Negotiate the sale: Team or product buy
All negotiations are about relative leverage (or the perception of leverage). In order to understand more about the company you plan to acquire, you should ask about cash position/burn rate, cap table, team size, product growth rates, and other factors. This will allow you to determine how desperate the founders are to exit.
Some additional rules of thumb:
1. If a company closed a funding round in the preceding 3–6 months, you usually need to pay at least a 50% premium on the valuation. In some cases their investors will try to push for a 2–3X valuation bump. However, if the overall market has shifted dramatically, the founders are desperate to exit, or the company has poor future prospects, you could trade at the last-round valuation or a discount.
2. The typical value per engineer, product manager, or designer is between $1 million and $3 million per person. Business, operations, or community managers tend to have low-to-negative value for a team buy (since in some cases they will not be part of the acquisition and you will need to pay severance). For special or outsized talent this may go as high as $5 million.
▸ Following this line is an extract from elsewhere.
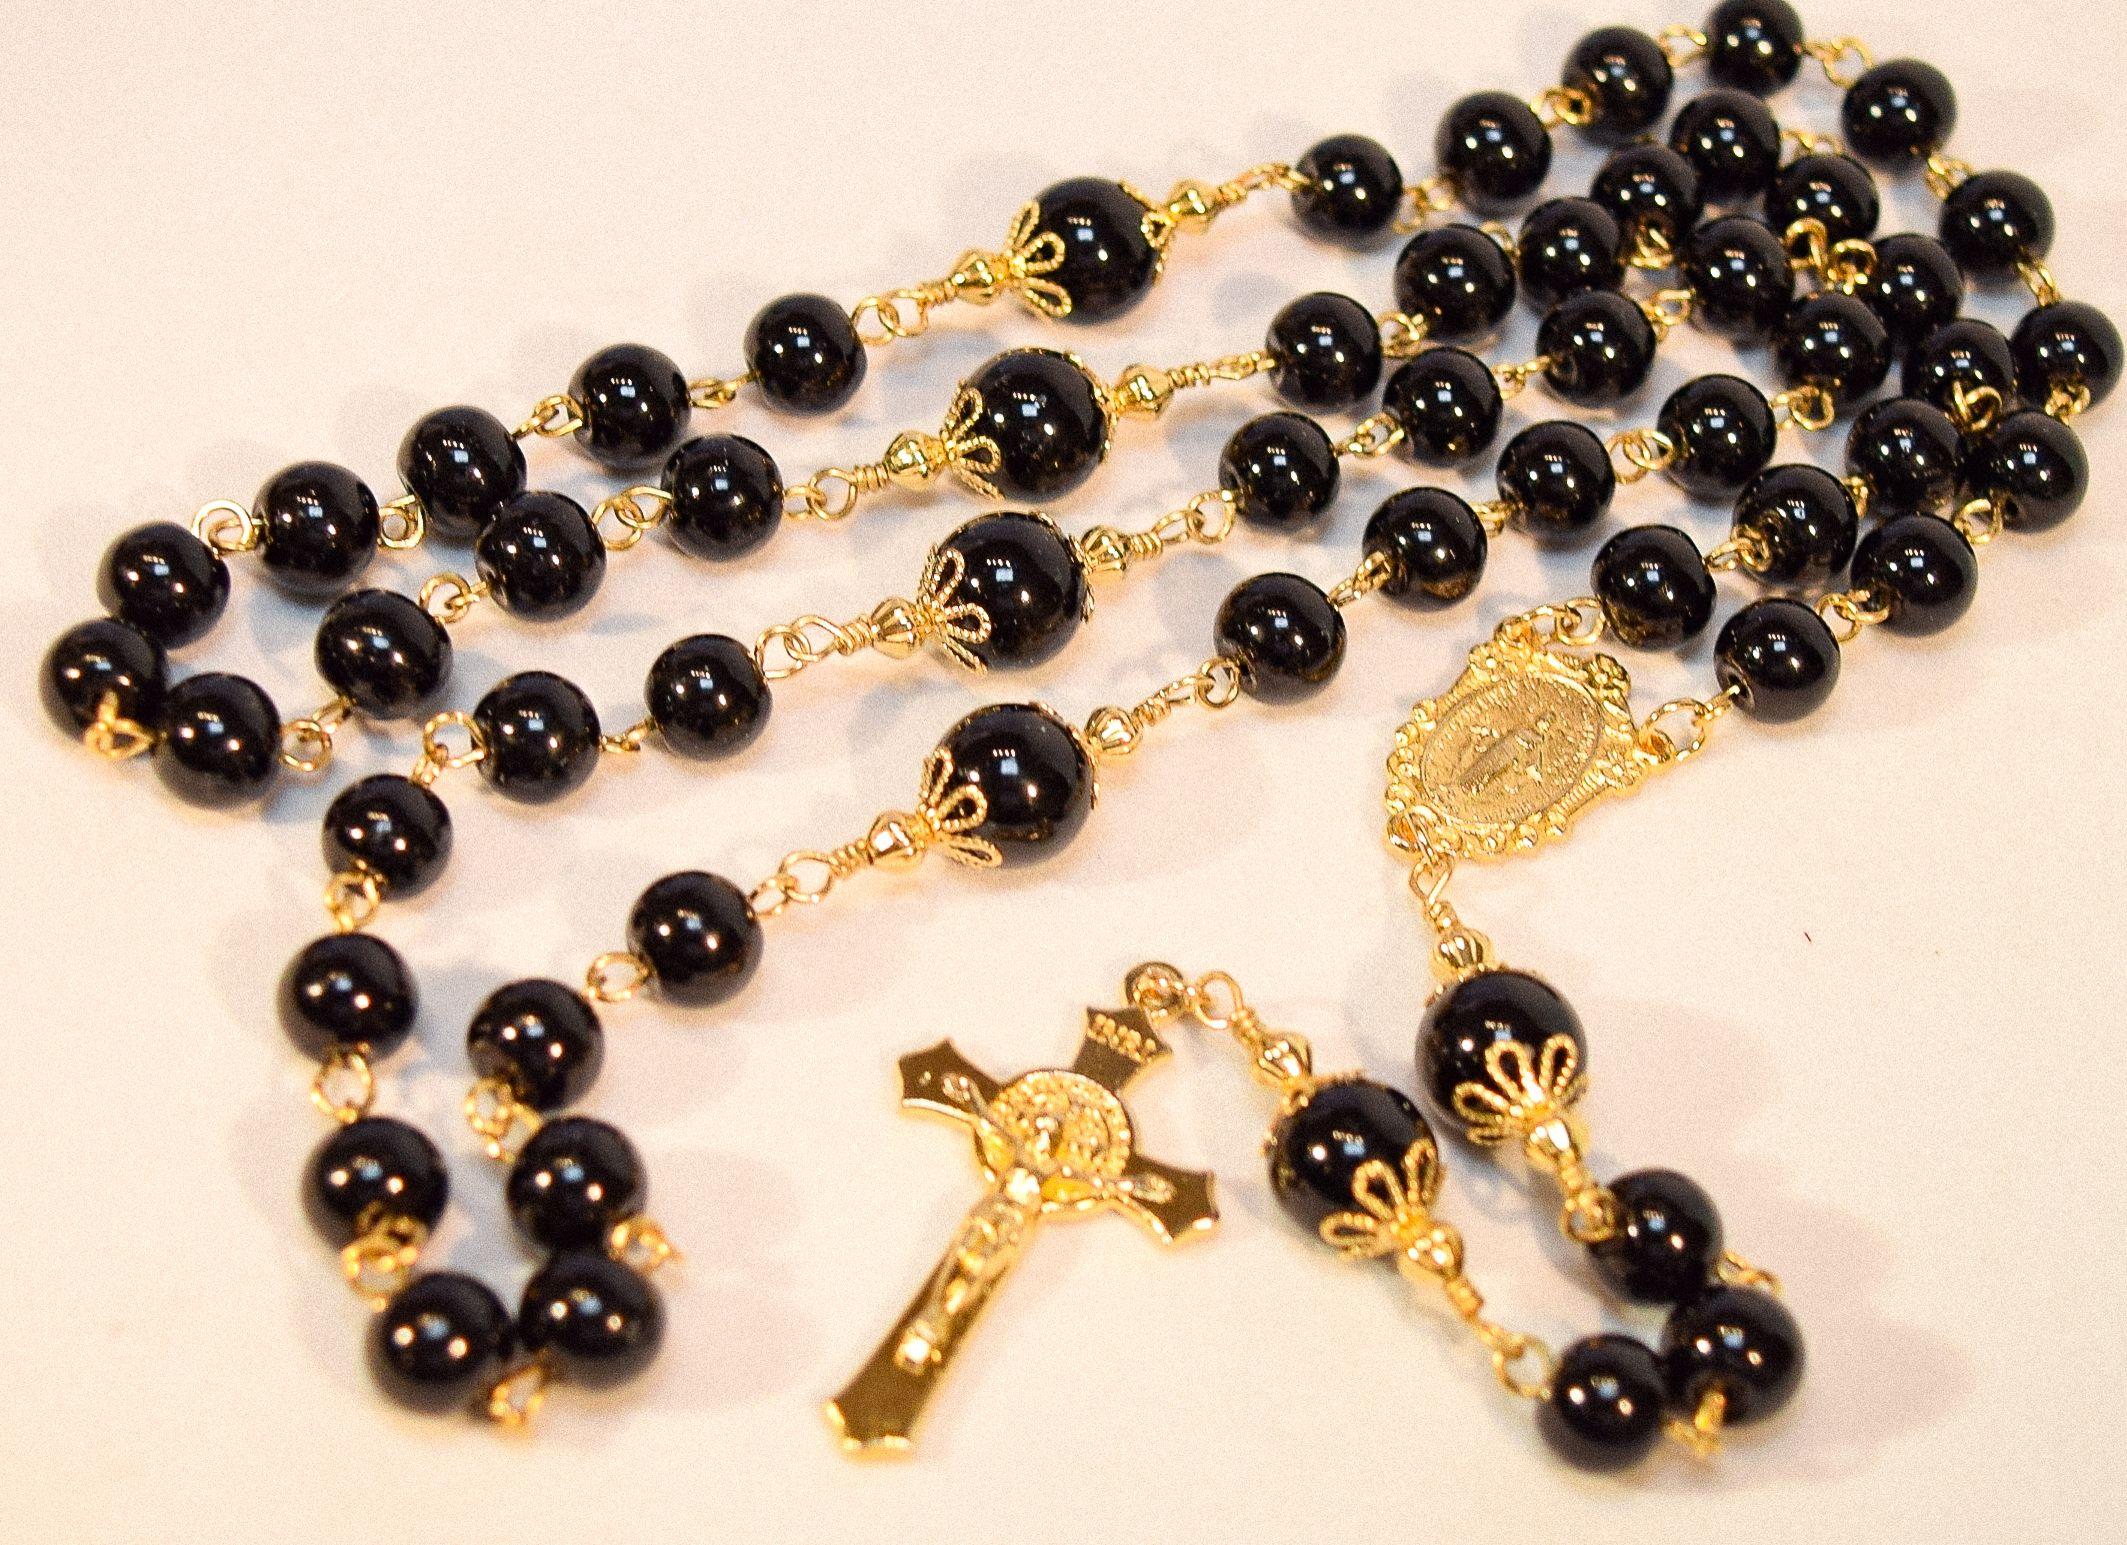 Onyx Rosary with Italian made Crucifix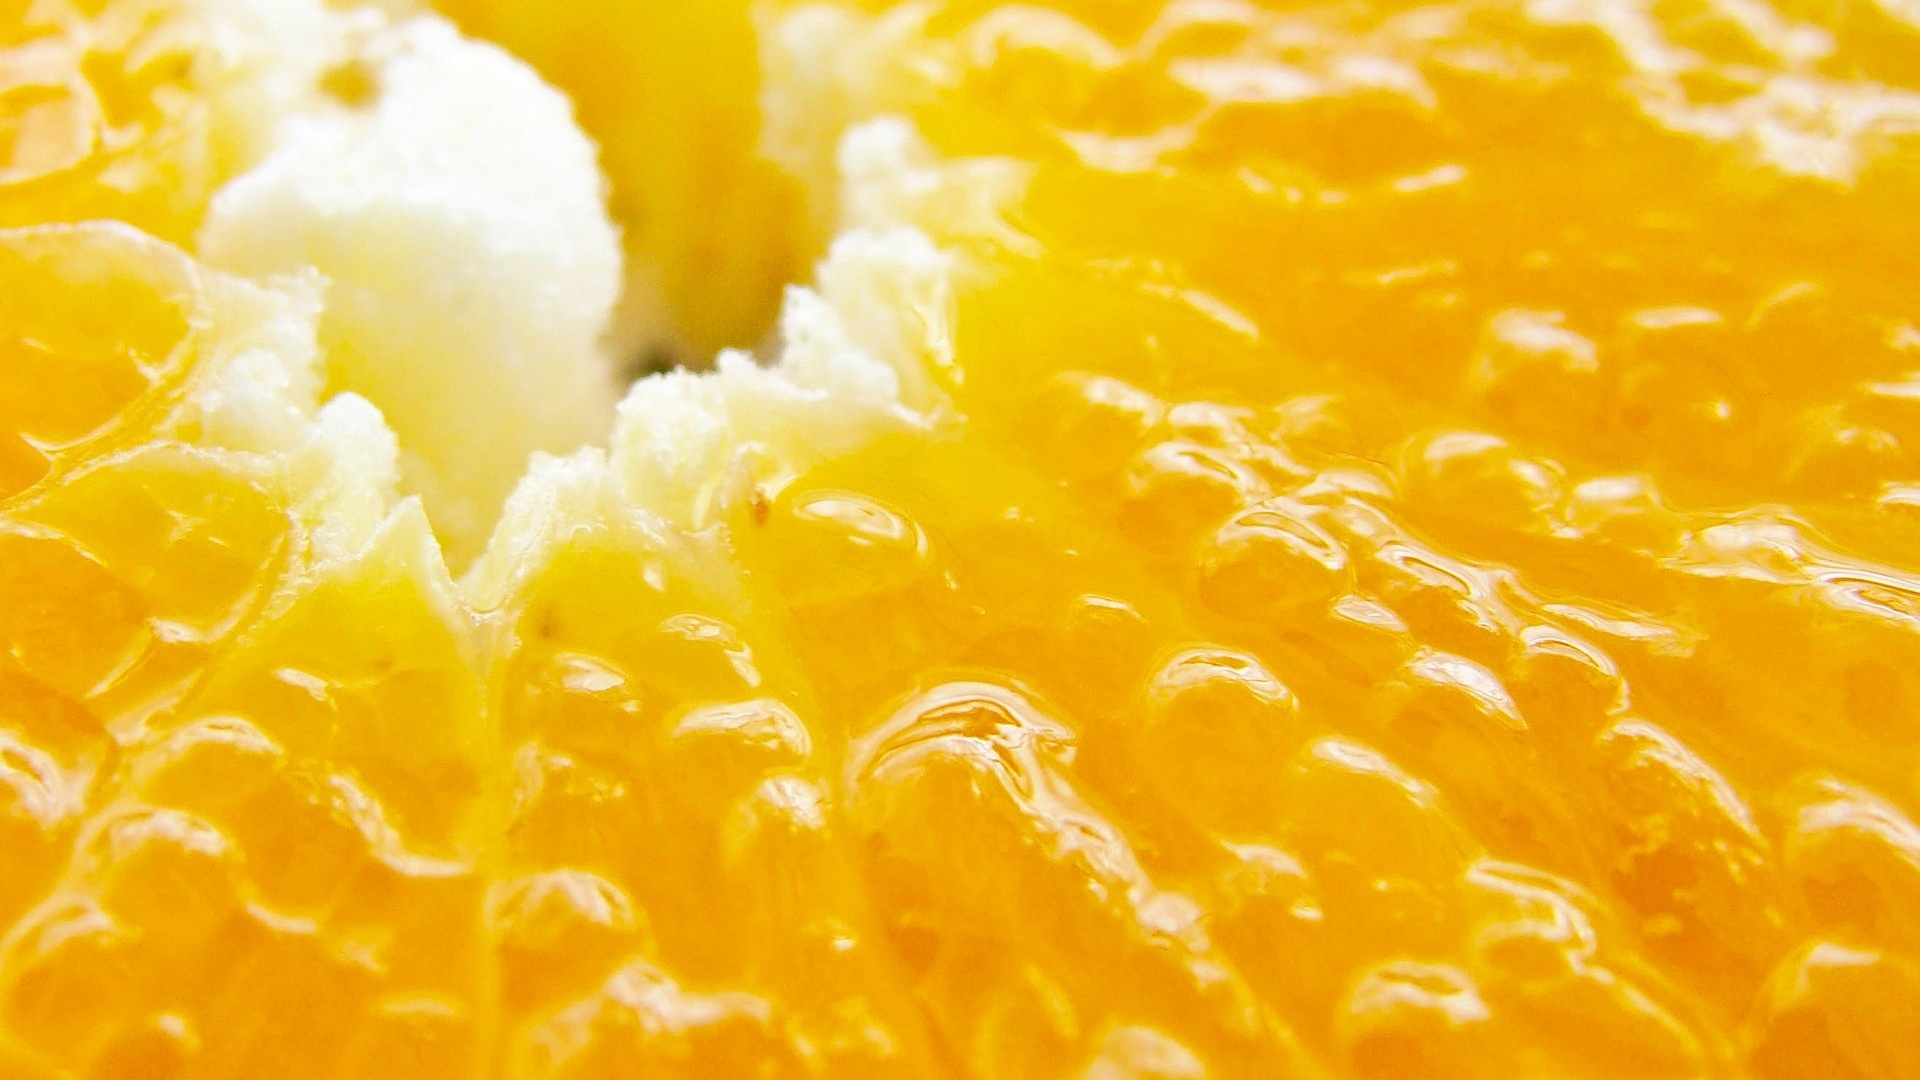 Orange Macro Pictures

Note this money is often spread across the cap table (mainly investors and founders) and retention.
3. Get a range of valuations to offer from your CEO or board, and then anchor as low as you reasonably can. A board typically approves an “up to” price for an acquisition, with an agreed-upon likely range (e.g., $15 million up to $20 million). If the situation is not super competitive, the deal team may anchor on the lower side (e.g., $12 million) to provide some room to move. If the situation is competitive, the deal team is more likely to open with an aggressive offer (e.g., $18 million).
4. Many corporate development teams quote total deal value in their opening bids without mentioning what part goes to the cap table (i.e., preferred and common stock) versus retention. This can materially impact value to founders, investors, and employees. Bids usually also ignore cash on hand.
- As an example, say you offer a $10 million purchase price to a six-person team with $1 million still in the bank. Since you are buying the company, you also get their cash, making the real purchase price $9 million. (Some people even use part of the company’s cash to pay bonuses to the team in a manner that does not impact the acquirer’s cash holdings.)
- In reality this offer may mean $6 million to the cap table and $3 million in retention. So, if a founder owns 20% of the company at this stage, she will receive $1.2 million, not the $2 million she likely expected when you quoted a $10 million offer. The remaining $3 million may include additional retention for the founder, but is likely to also be split among the other five employees (i.e., $500,000 in four years of retention each, including the founder).
- In many cases, once an entrepreneur decides to exit and is excited by an initial offer, she will not walk away once she fully understands the nuances of the deal. At that point, she has already seen the light at the end of the tunnel (“I don’t need to wake up in a cold sweat in the middle of the night anymore!”) and has mentally spent the money (“I can finally pay off my credit cards and buy a condo!”). This is why entrepreneurs should always talk to a small subset of their investors or advisors when they receive an acquisition offer. They need experienced people, who have seen this happen a bunch of times, to help them avoid the common traps laid by savvy corporate development people.
In general, it is important that the person negotiating the deal with the founder not be the same person that the founder will eventually report to or work with day-to-day. There are often bad feelings between a deal person and at least some of the entrepreneurs who get acquired. Letting go of your startup baby is hard to do, and negotiations can be tough on first-time entrepreneurs.
Negotiate the sale: Strategic asset
When buying a strategic asset some key principles are:
1. Buying strategic assets is also a sale by your company. Facebook’s ability to buy Whatsapp and Instagram was a reflection of the relationship Zuckerberg had built with each founder in advance. Over time he sold the other CEOs on the benefits of joining Facebook and built a trusted relationship. Effectively, Zucerkberg sold Facebook to Whatsapp rather than the other way around.
2. The CEO needs to get involved. As CEO, you will need to be part of the relationship building leading up to the acquisition, and some aspects of the actual deal itself. If your counter party CEO feels they have a relationship to you, they will trust you with their, and their company’s, future. It will be easier to negotiate and close the deal.
3. Move quickly. Especially if there are multiple parties bidding on the asset, moving quickly to a conclusion may benefit you enormously by creating time pressure or a sense of inevitability that you are the right choice. It will also show professionalism and a lack of dickering on minor items. Google famously bought YouTube in less than a week for $1.6 billion.